Compaction isotrope (2470 particules) Dans cet autre exemple, la compaction d’un échantillon irrégulier d’environ 2500 grains, on a représenté les forces normales de contact par un trait d’autant plus épais que l’intensité est grande. Notez la grande hétérogénéité de cette carte. En émerge un réseau de forces fortes qui constitue en quelque sorte le ‘squelette’ du milieu et qui lui donne sa tenue mécanique. Notons enfin que, bien que l’échantillon soit quasi-isotrope horizontalement, il n’en est rien pour le réseau de forces fortes, plus concentré à droite. Cette vision est toutefois fugace. Les grains étant rigide, le système oscille à très haute fréquence. Le granulaire est un milieu ‘nerveux’ et quelques pas de temps après, le réseau se déplace vers la gauche, assurant une homogénéité en moyenne dans le temps.

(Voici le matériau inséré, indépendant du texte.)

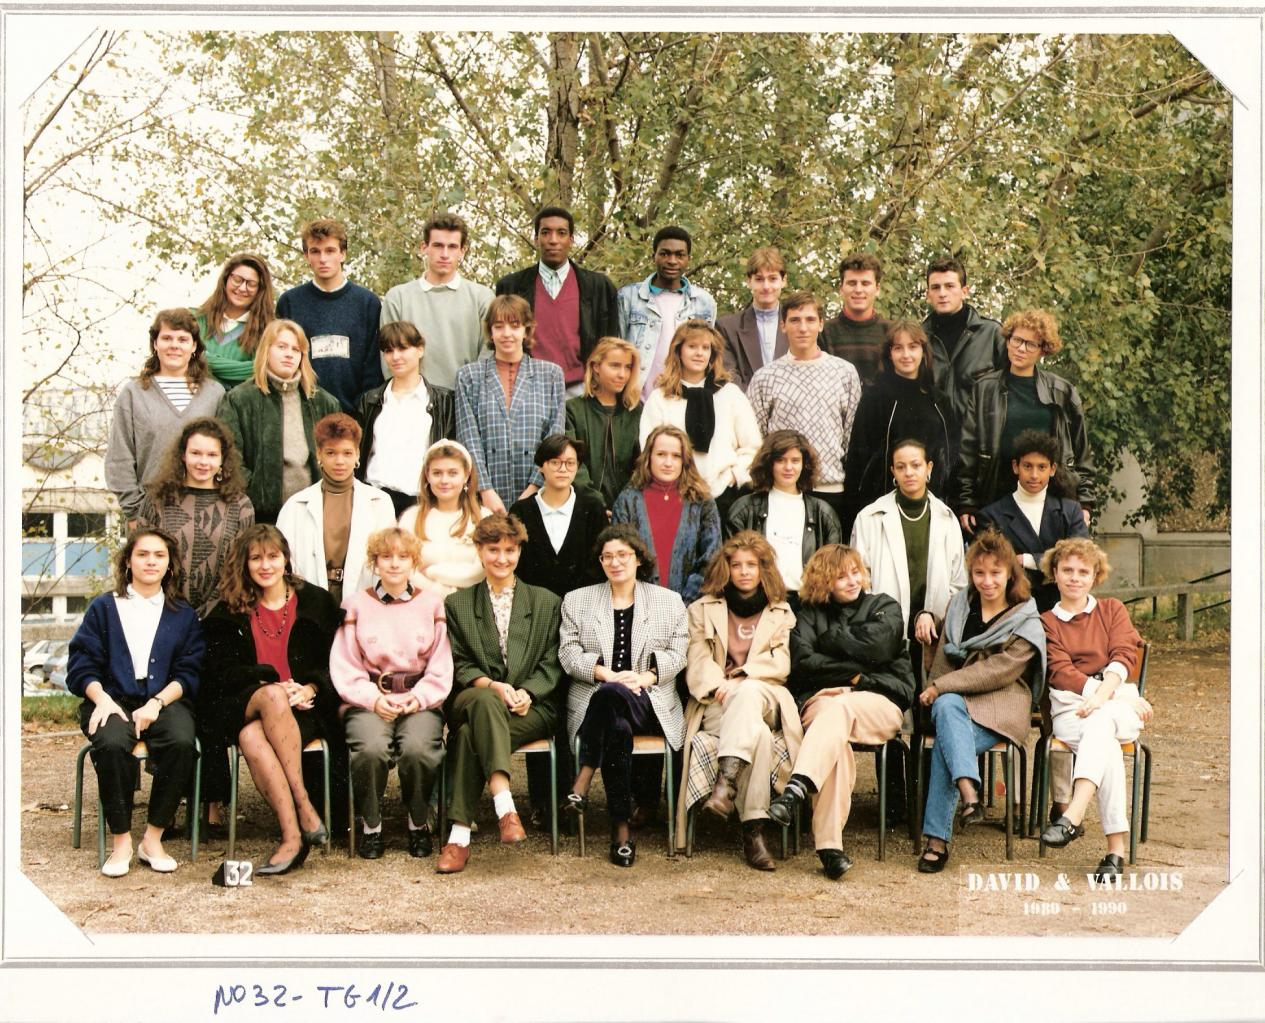 1990 - TG1

Vidange d’un silo (1600 particules) Pour terminer, voici la vidange d’un silo comportant 1600 grains. Au départ, l’échantillon est régulier. Observez bien la localisation de déformation. Elle s’atténue progressivement au fur et à mesure que le milieu devient plus désordonné. On l’aura compris, ces problèmes numériques sont ‘stiffs’. C’est de la dynamique rapide, ce qui est très pénalisant au point de vue du choix du pas de temps. L’optimisation du logiciel permet toutefois de traiter actuellement sur un PC standard des échantillons jusqu’à 95000 grains.
Vidange d’un silo (1580 particules) L’un des intérêts de la simulation numérique est d’avoir accès non seulement à la cinématique, comme dans l’expérience, mais aussi au réseau de forces. Dans cette vidange, observez une voûte en formation, un effet typique des matériaux granulaires. A partir du réseau de force, on peut calculer un tenseur de contrainte par moyenne spatiale. On a représenté ici la contrainte équivalente. Comme le réseau, cette carte est très inhomogène et brise la symétrie par rapport à l’axe du silo, mais elle est très fugace. En moyennant sur une centaine de pas de temps, on obtient une carte de contrainte beaucoup plus lisse, symétrique, avec des concentrations près de la jonction cylindre-trémie, ce qui est en bon accord avec l’expérience et les solution analytiques.